*RECORDED INFORMATION*
'''

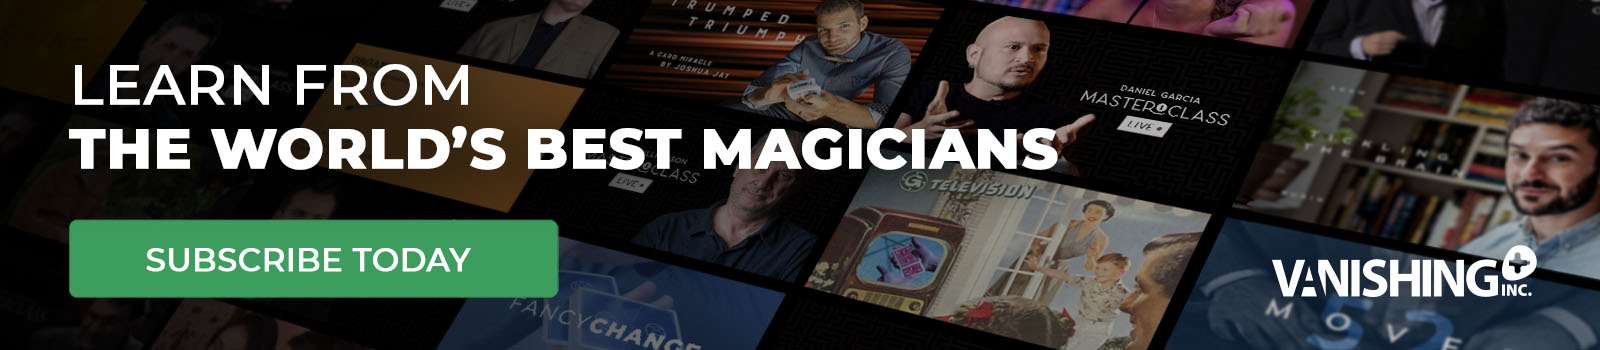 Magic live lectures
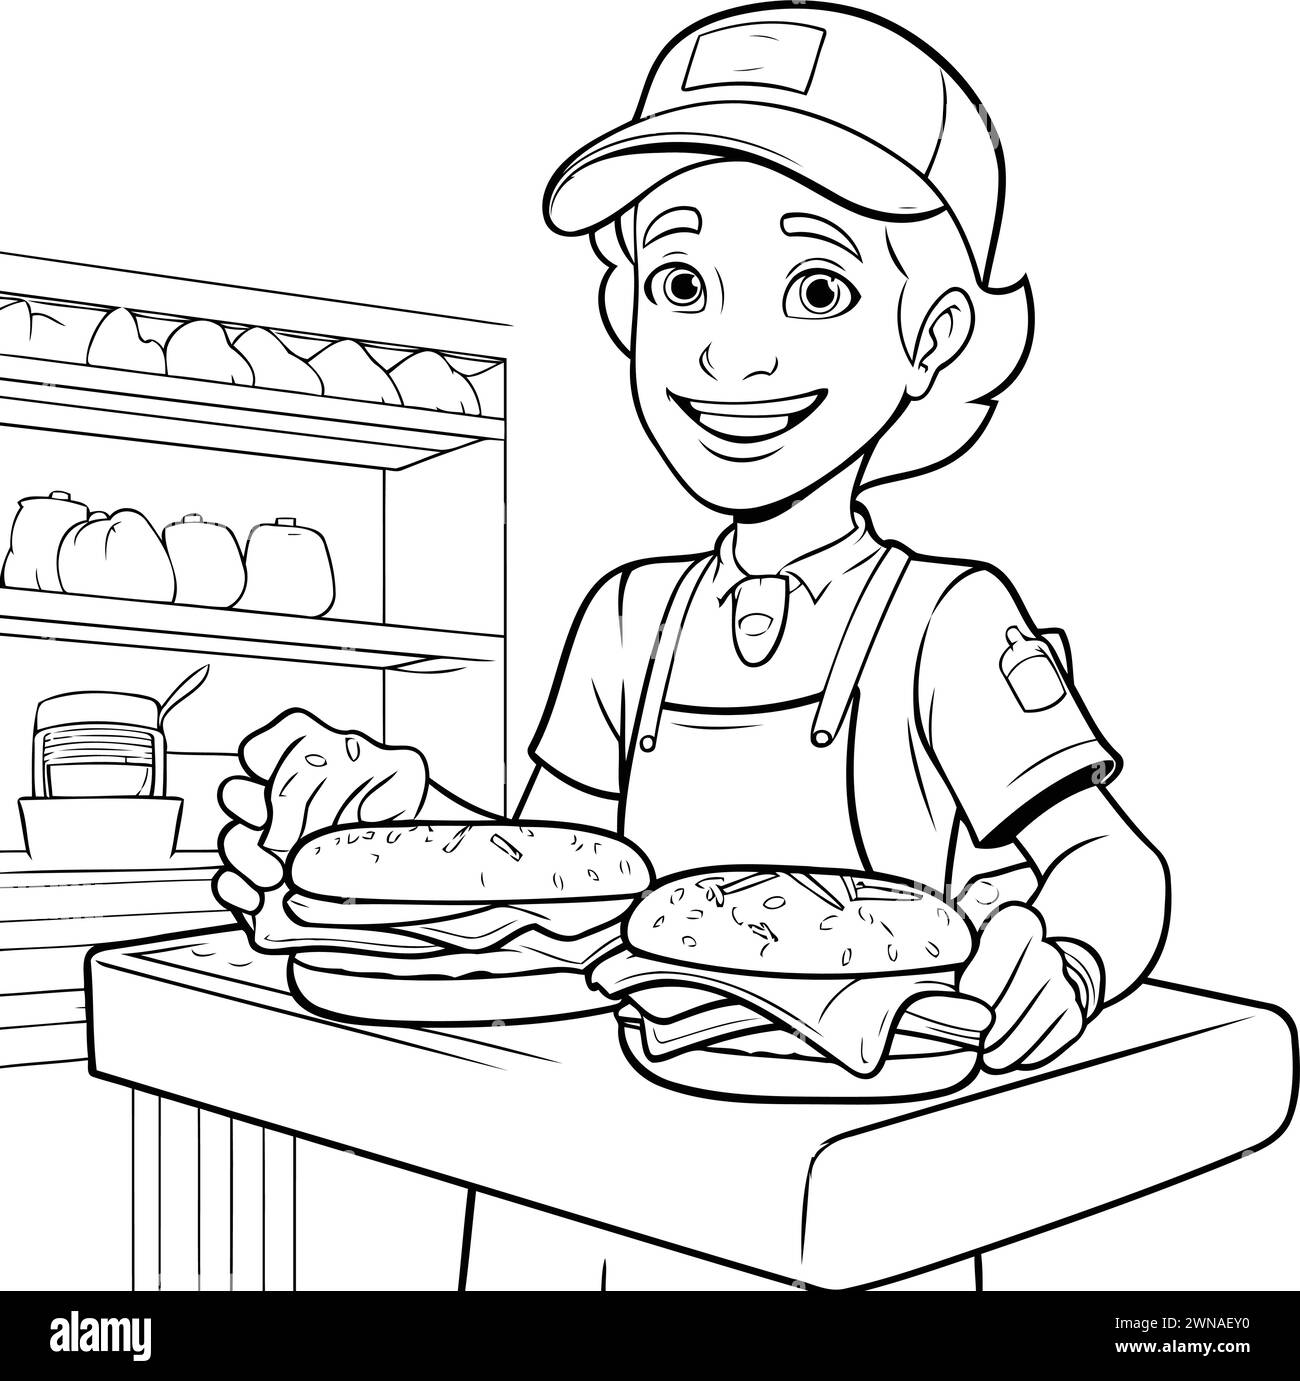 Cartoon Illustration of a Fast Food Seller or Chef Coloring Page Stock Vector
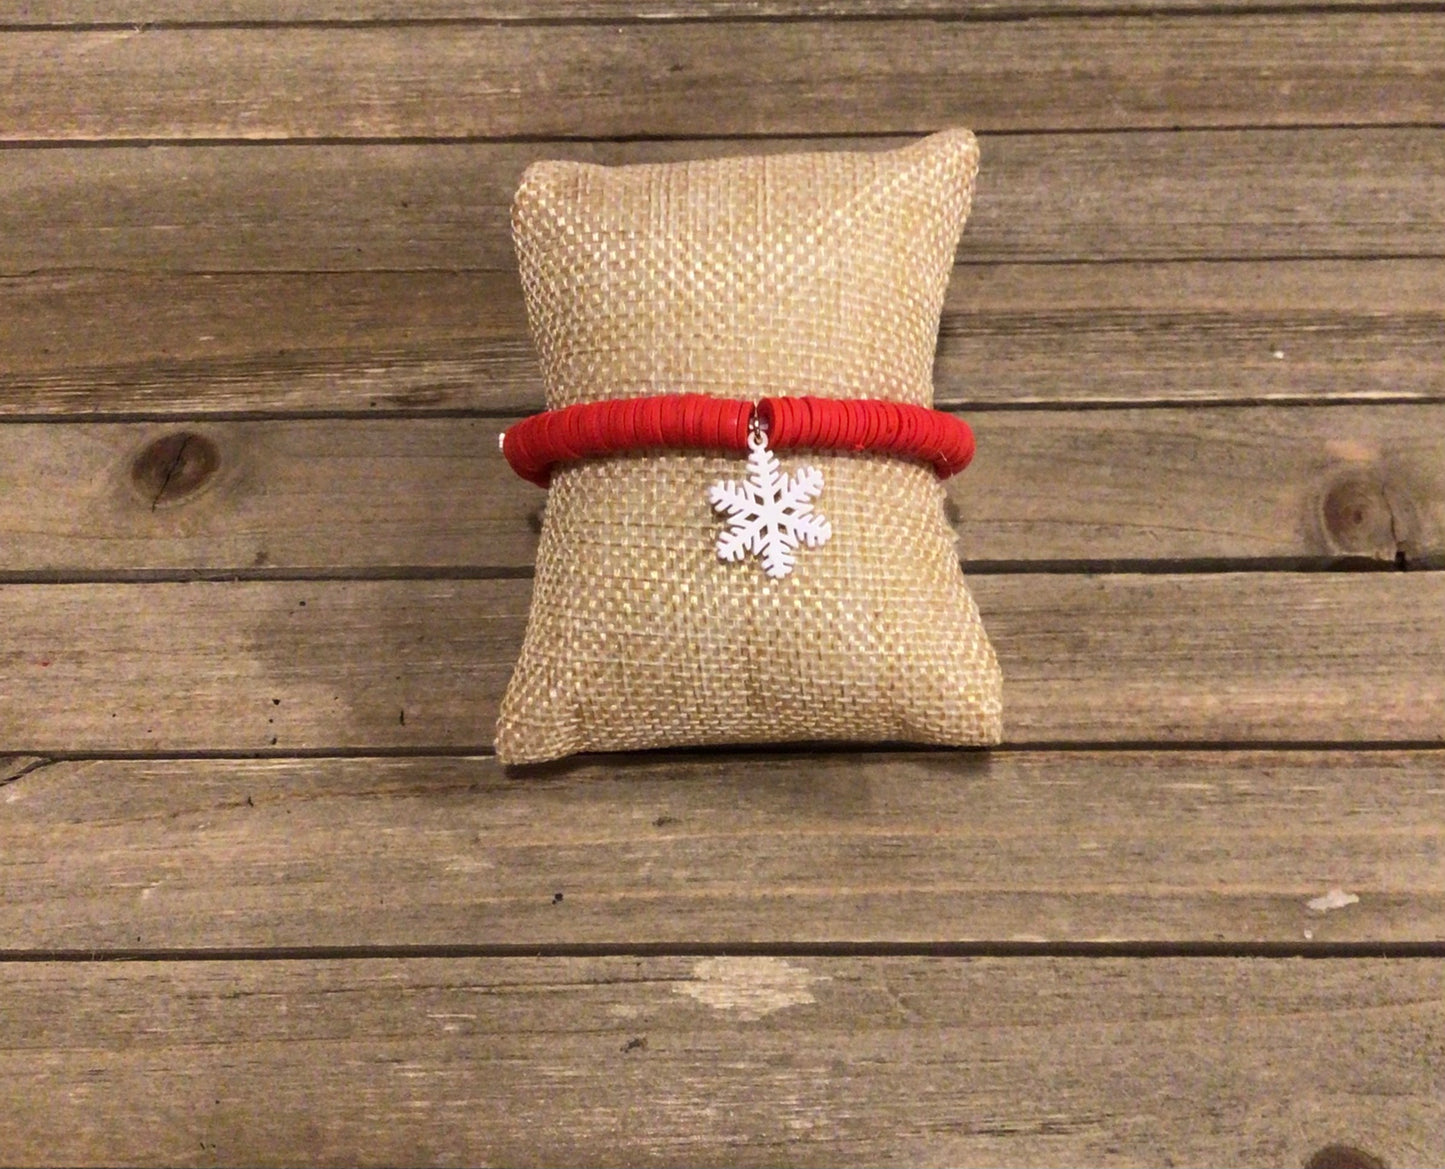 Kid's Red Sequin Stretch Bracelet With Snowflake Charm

'''

Apart from the images, reproduce the listing exactly as it appears.

*SOLUTION FOR THIS TASK*
 Magic live lectures
 Cartoon Illustration of a Fast Food Seller or Chef Coloring Page Stock Vector
 Kid's Red Sequin Stretch Bracelet With Snowflake Charm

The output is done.